The reply should consist solely of the lines from the one that holds "PANASONIC 55FX600 TV" through the last line of the material, reproduced exactly; no pictures belong in it.

START Exercise data

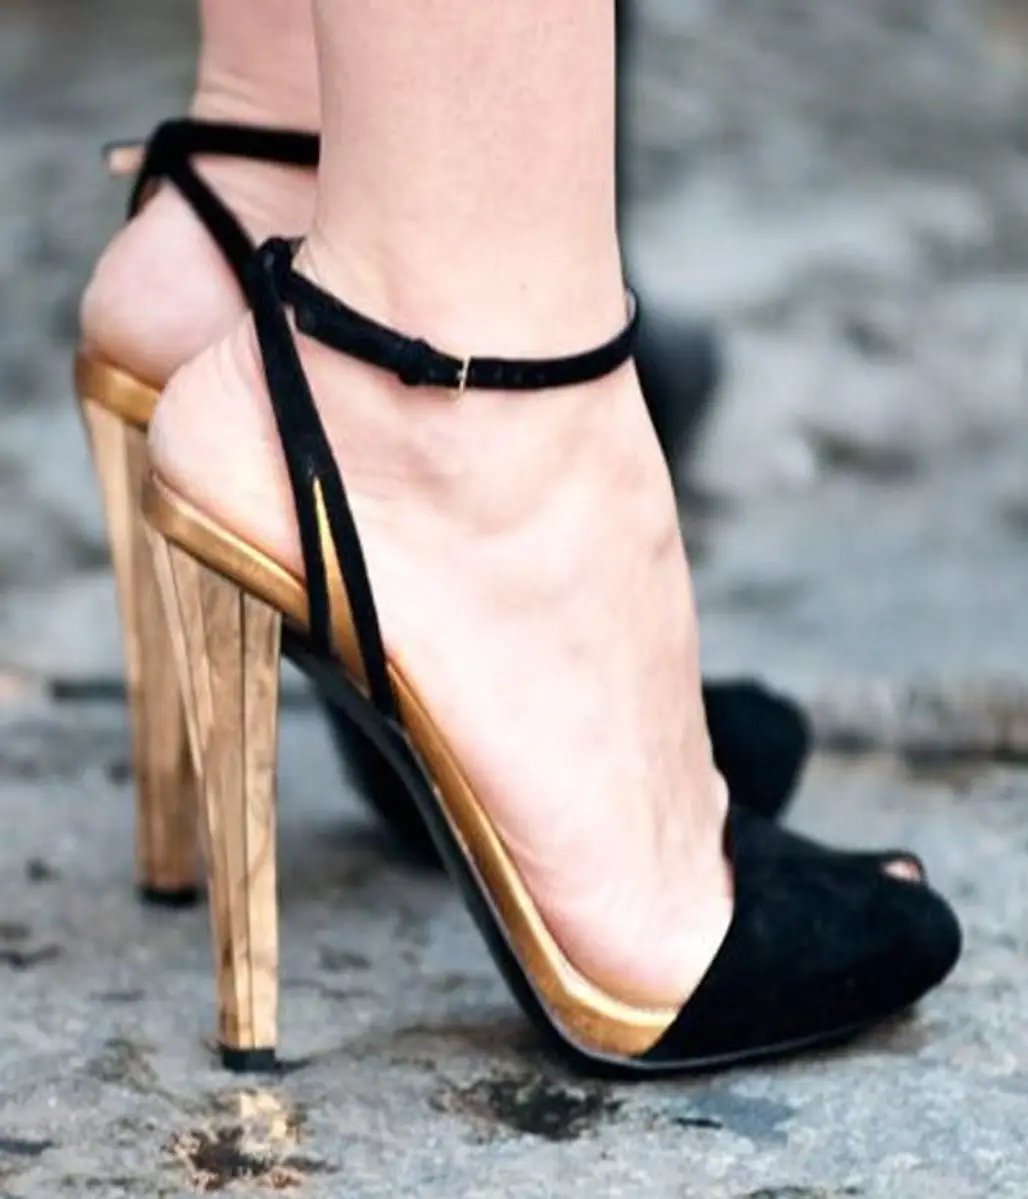 high heeled footwear,footwear,leg,shoe,spring,
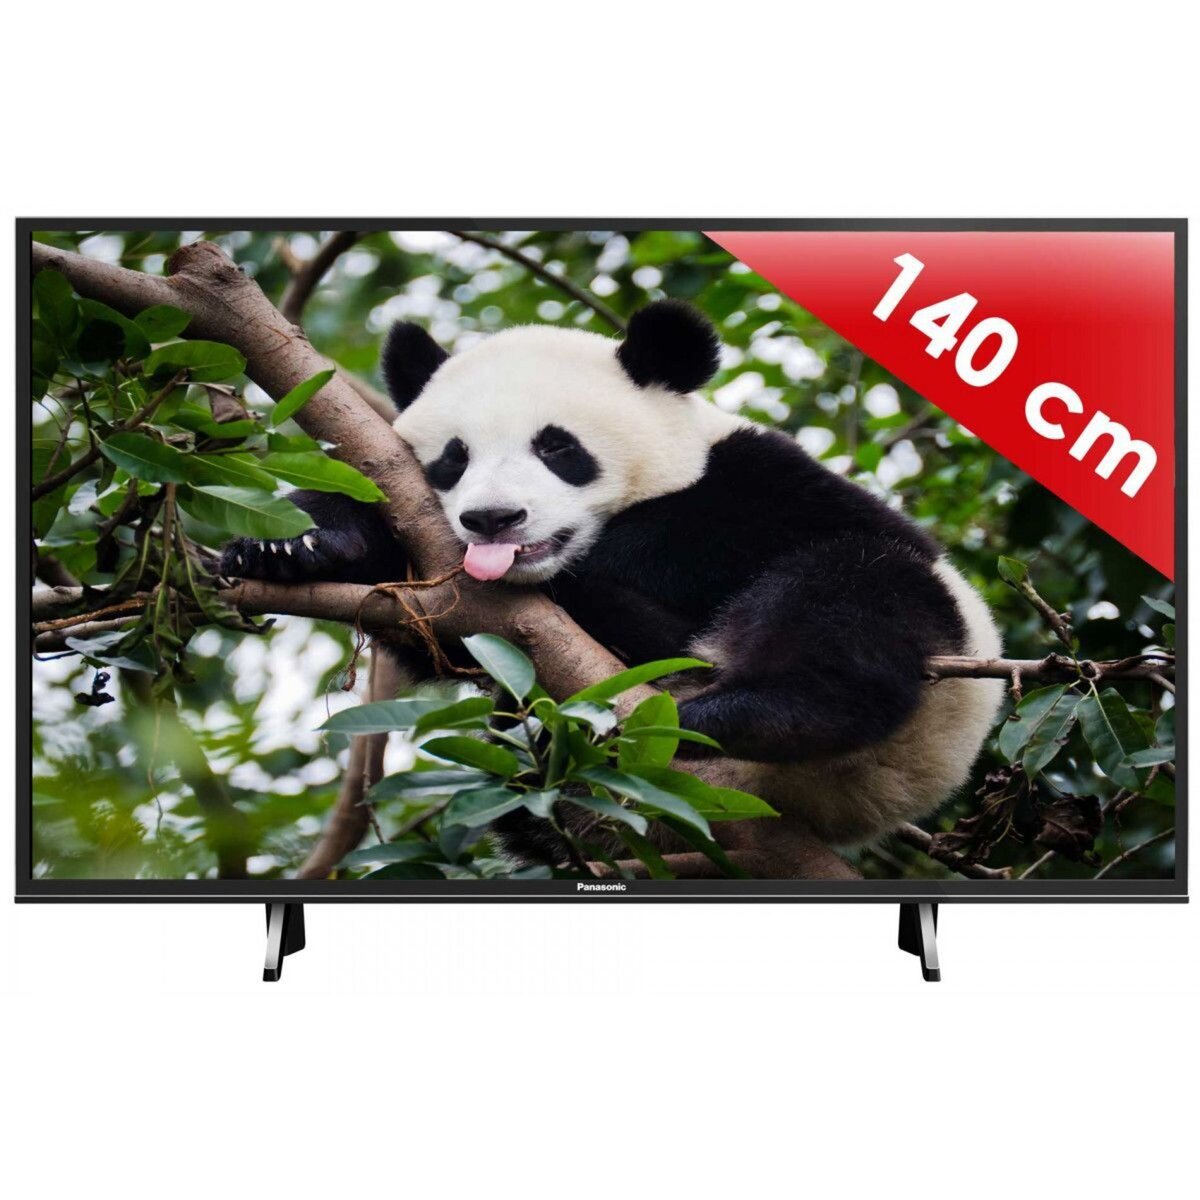 PANASONIC 55FX600 TV LED  4K UHD  139 cm  HDR Smart TV
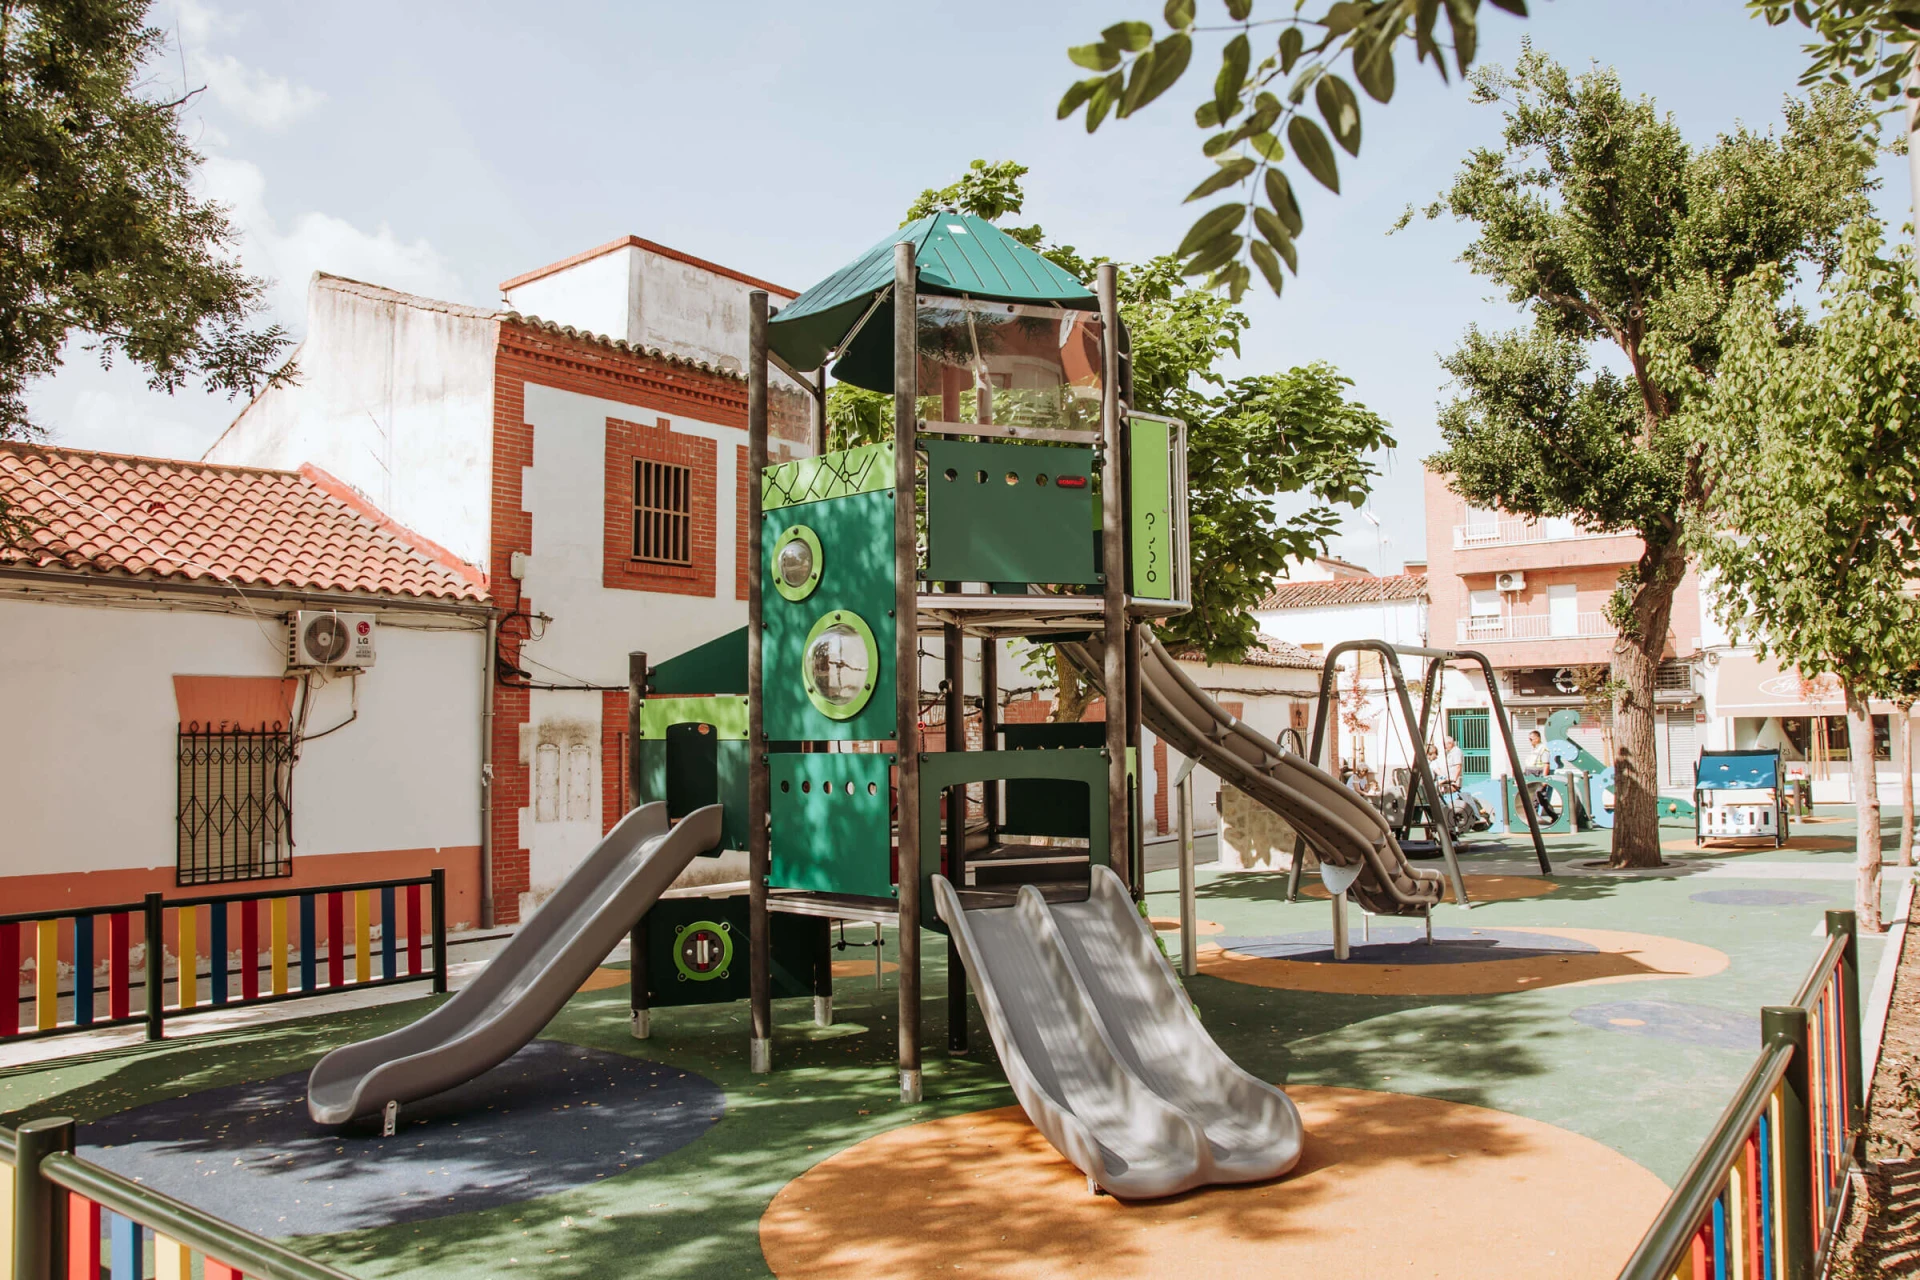 parque infantil en España fabricado con materiales reciclados.

END Exercise data

Solution below -
 PANASONIC 55FX600 TV LED  4K UHD  139 cm  HDR Smart TV
 parque infantil en España fabricado con materiales reciclados.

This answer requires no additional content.